The assembly and organization of the alpha 5 and alpha 7 helices from the pore-forming domain of Bacillus thuringiensis delta-endotoxin. Relevance to a functional model.

The pore-forming domain of Bacillus thuringiensis insecticidal CryIIIA delta-endotoxin contains two helices, alpha 5 and alpha 7, that are highly conserved within all different Cry delta-endotoxins. To gain information on the mode of action of delta-endotoxins, we have used a spectrofluorimetric approach and characterized the structure, the organization state, and the ability to self-assemble and to co-assemble within lipid membranes of alpha 5 and alpha 7. Circular dichroism (CD) spectroscopy revealed that alpha 7 adopts a predominantly alpha-helical structure in methanol, similar to what has been found for alpha 5, and consistent with its structure in the intact molecule. The hydrophobic moment of alpha 7 is higher than that calculated for alpha 5; however, alpha 7 has a lesser ability to permeate phospholipids as compared to alpha 5. Binding experiments with 7-nitrobenz-2-oxa-1,3-diazole-4-yl (NBD)-labeled peptide demonstrated that alpha 7 binds to phospholipid vesicles with a partition coefficient in the order of 10(4) M-1 similar to alpha 5, but with reduced kinetics and in a noncooperative manner, as opposed to the fast kinetics and cooperativity found with alpha 5. Resonance energy transfer measurements between fluorescently labeled pairs of donor (NBD)/acceptor (rhodamine) peptides revealed that, in their membrane-bound state, alpha 5 self-associates but alpha 7 does not, and that alpha 5 coassembles with alpha 7 but not with an unrelated membrane bound alpha-helical peptide.

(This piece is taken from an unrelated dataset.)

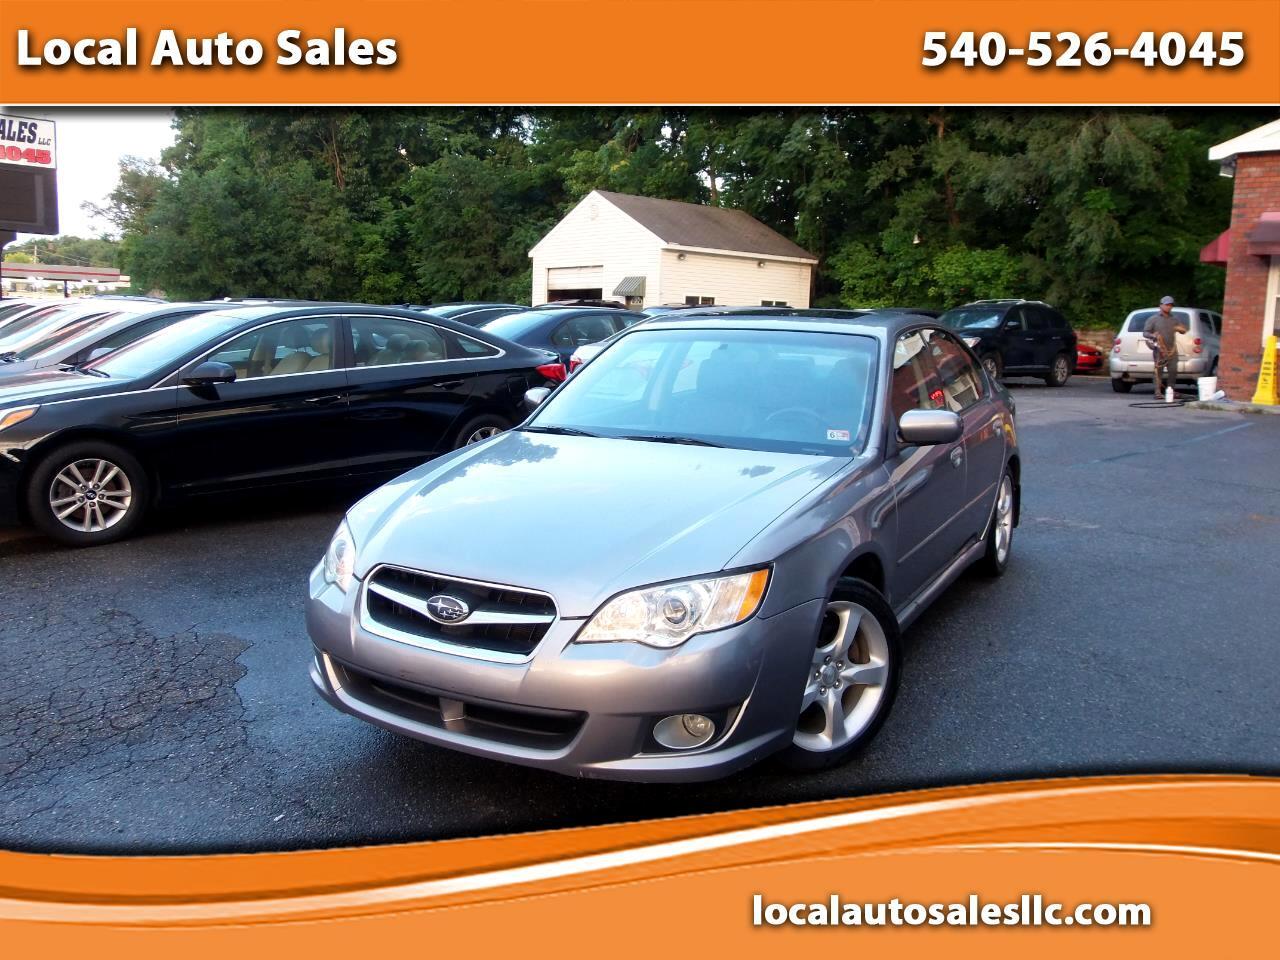 Subaru Legacy (Natl) 4dr H4 Auto Ltd 2008

Furthermore, resonance energy transfer experiments, using alpha 5 segments, specifically labeled in either the N- or C-terminal sides, suggest a parallel organization of alpha 5 monomers within the membranes. Taken together the results are consistent with an umbrella model suggested for the pore forming activity of delta-endotoxin (Li, J., Caroll, J., and Ellar, D. J. (1991) Nature 353, 815-821), where alpha 5 has transmembrane localization and may be part of the pore lining segment(s) while alpha 7 may serve as a binding sensor that initiates the binding of the pore domain to the membrane.